Hygiène du sommeil[[[[Éditer]

L’hygiène du sommeil est un terme commun à tous les comportements liés à la promotion d’un bon sommeil. Ils comprennent des habitudes qui fournissent une bonne base pour le sommeil et aident à prévenir l’insomnie. Cependant, l’hygiène du sommeil à elle seule peut ne pas être suffisante pour lutter contre l’insomnie chronique.[59] Les recommandations d’hygiène du sommeil sont généralement incluses en tant que composante de la thérapie cognitivo-comportementale de l’insomnie (CBT-I).[59][6] Les recommandations comprennent la réduction de la consommation de caféine, de nicotine et d’alcool, la maximisation de la régularité et de l’efficacité des épisodes de sommeil, la minimisation de l’utilisation de médicaments et de la sieste diurne, la promotion de l’exercice régulier et la facilitation d’un environnement de sommeil positif.[87] L’exercice peut être utile lors de l’établissement d’une routine de sommeil, mais ne doit pas être fait près de l’heure à laquelle vous prévoyez d’aller dormir. La création d’un environnement de sommeil positif peut également être utile pour réduire les symptômes de l’insomnie. Afin de créer un environnement de sommeil positif, il faut retirer de la vue les objets qui peuvent provoquer des inquiétudes ou des pensées pénibles.[[[[citation requise]

Thérapie cognitivo-comportementale[[[[Éditer]

Il existe des preuves que la thérapie cognitivo-comportementale de l’insomnie (CBT-I) est supérieure à long terme aux benzodiazépines et aux non-benzodiazépines dans le traitement et la gestion de l’insomnie.[88] Dans cette thérapie, les patients apprennent de meilleures habitudes de sommeil et sont libérés des hypothèses contre-productives concernant le sommeil. Les idées fausses et les attentes courantes qui peuvent être modifiées comprennent

  1. attentes de sommeil irréalistes (par exemple, j’ai besoin de 8 heures de sommeil chaque nuit)
  2. idées fausses sur les causes de l’insomnie (p. ex., j’ai un déséquilibre chimique causant mon insomnie)
  3. amplifier les conséquences de l’insomnie (par exemple, je ne peux rien faire après une mauvaise nuit de sommeil) et
  4. anxiété de performance après avoir essayé pendant si longtemps d’avoir une bonne nuit de sommeil en contrôlant le processus de sommeil.

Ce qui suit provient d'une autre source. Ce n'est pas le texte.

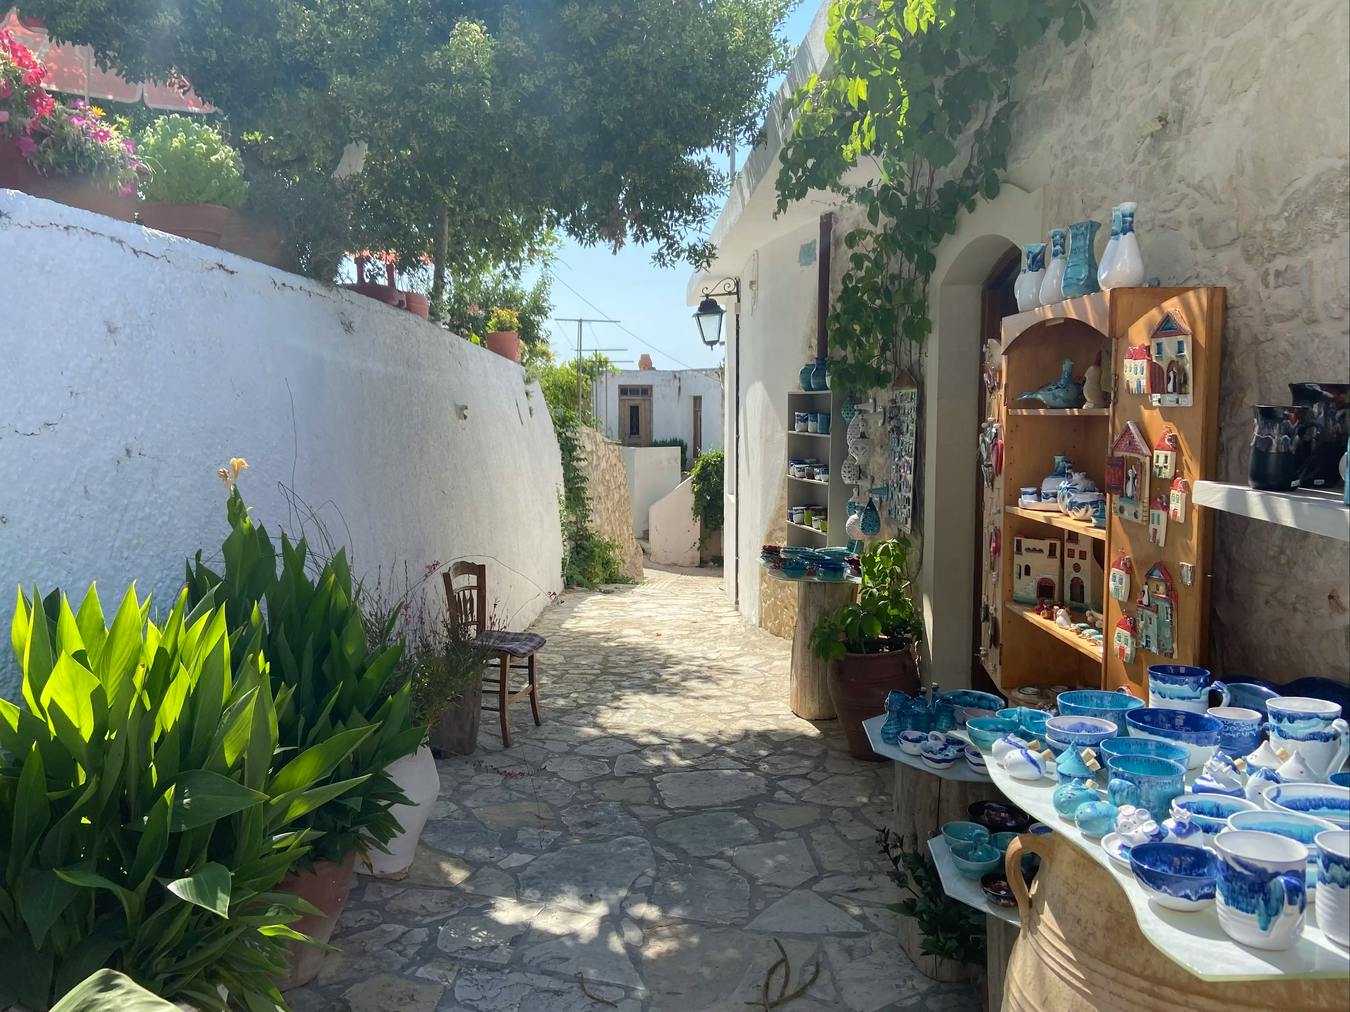 Una exposición de artesanía en una de las calles del pueblo de Margaritas, Creta.

De nombreuses études ont rapporté des résultats positifs de la combinaison de la thérapie cognitivo-comportementale pour le traitement de l’insomnie avec des traitements tels que le contrôle du stimulus et les thérapies de relaxation. Les médicaments hypnotiques sont tout aussi efficaces dans le traitement à court terme de l’insomnie, mais leurs effets disparaissent avec le temps en raison de la tolérance. Les effets de la CBT-I ont des effets soutenus et durables sur le traitement de l’insomnie longtemps après l’arrêt du traitement.[89][90] L’ajout de médicaments hypnotiques avec CBT-I n’ajoute aucun avantage dans l’insomnie. Les avantages durables d’un cours de CBT-I montrent une supériorité sur les médicaments hypnotiques pharmacologiques. Même à court terme par rapport aux médicaments hypnotiques à court terme tels que le zolpidem, le CBT-I montre toujours une supériorité significative. Ainsi, CBT-I est recommandé comme traitement de première intention pour l’insomnie.[91]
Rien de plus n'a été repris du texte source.